First World War: Still No End in Sight

That the conflicts unleashed by Great War did not end in 1918 is well known. World War II and the Cold War clearly constitute key moments in the drama that began in August 1914. This book argues that the battle of ideas which crystallised during the course of the Great War continue to the present. It claims that the disputes about lifestyles and identity - the Culture Wars of today -are only the latest expressions of a century long conflict.

There are many influences that contributed to the outbreak of World War One. One significant influence was the cultural tension and unease that disposed significant numbers of artists, intellectuals and young people to regard the War as an opportunity give meaning to their existence. Later these tensions merged with social unrest and expressed themselves through the new ideologies of the Left and the Right. While these ideologies have become exhausted the conflicts of culture persist to this date. That is why there is Still No End In Sight for the battle of ideas set in motion in August 1914.

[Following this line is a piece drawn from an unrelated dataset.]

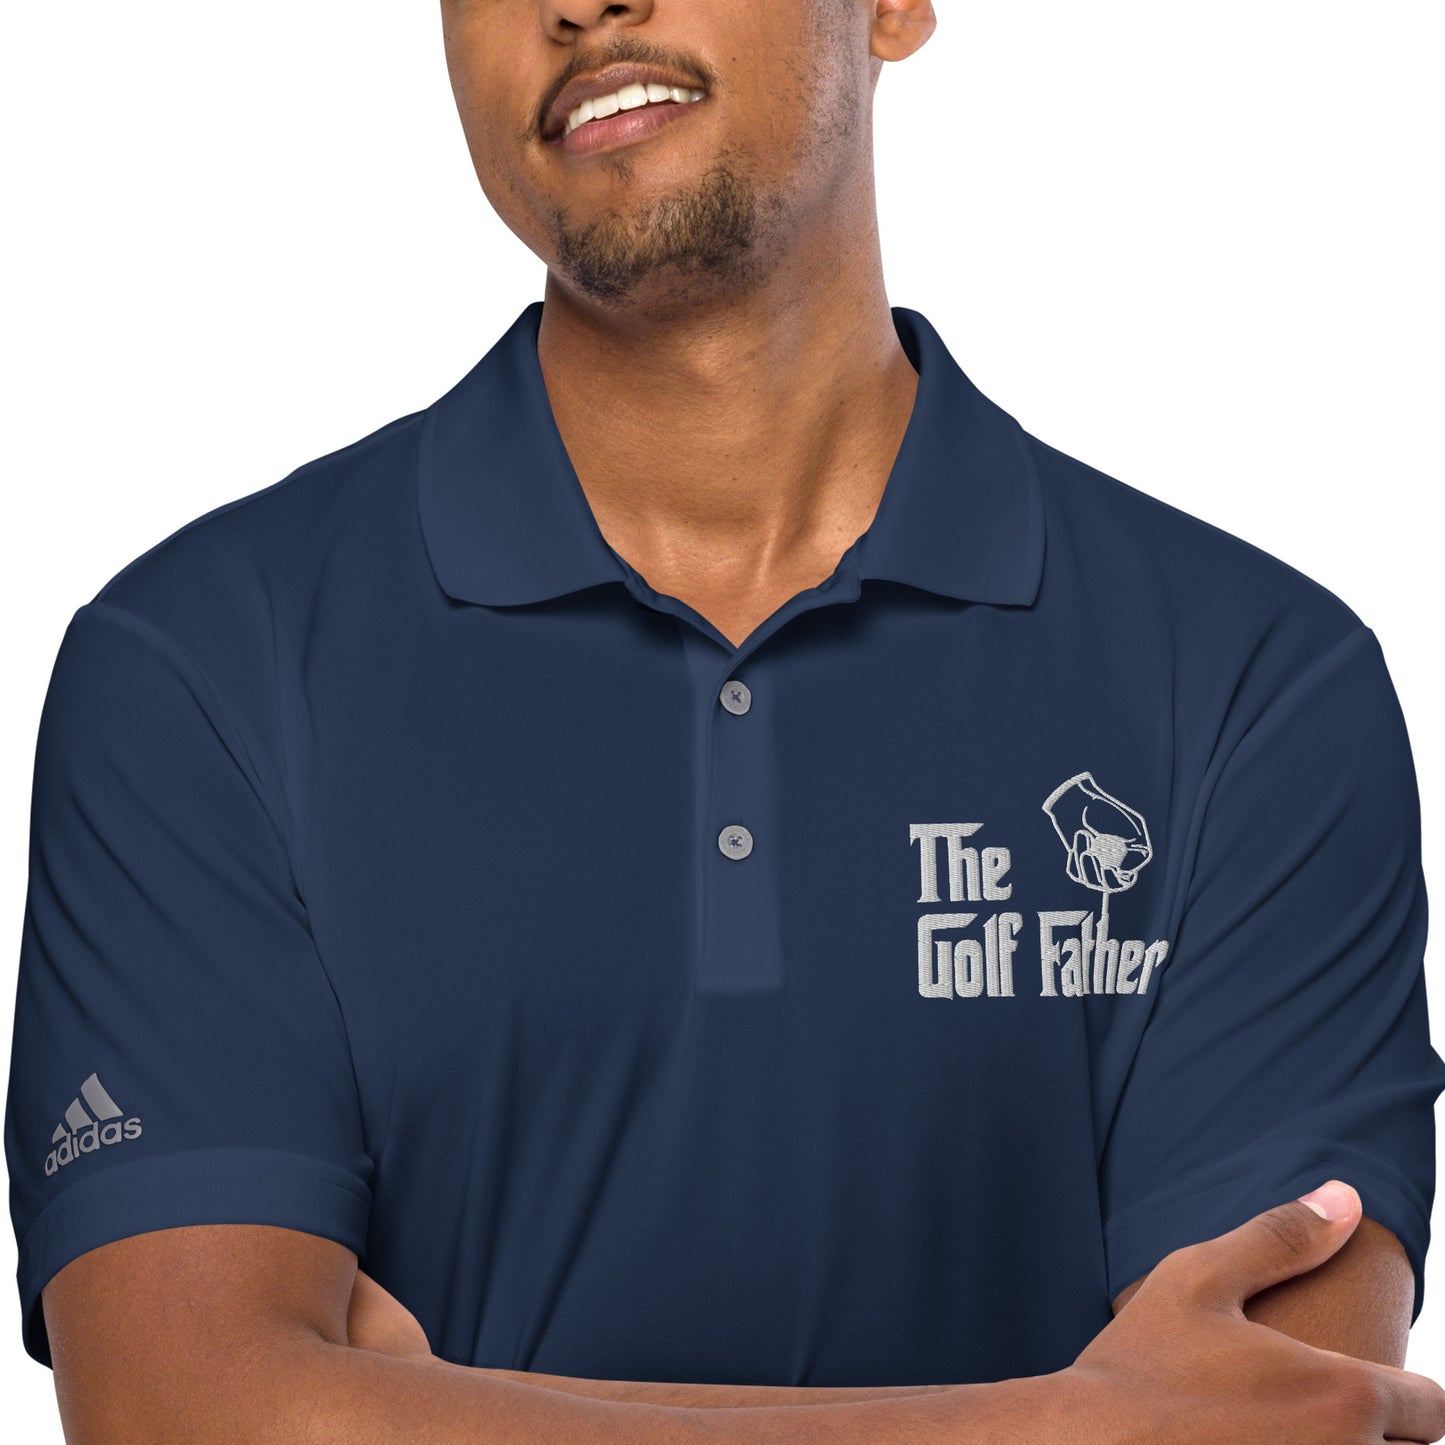 Adidas 'The Golf Father' Performance Polo Shirt

Modern wars did not only lead to the loss of millions of lives. Wars also played a significant role in changing attitudes towards the political ideals of modern time. The Great War called into question the future of liberal democracy. It led to the emergence of radical ideologies, which were in turn discredited through the experience of the Second World War and the Cold War. The current Culture Wars have significantly eroded the status of the values associated with modernity.

Through exploring the battle of ideas set in motion in August 1914 - First World War: Still No End In Sight provides a framework for understanding the changing focus of political conflict from ideology to culture.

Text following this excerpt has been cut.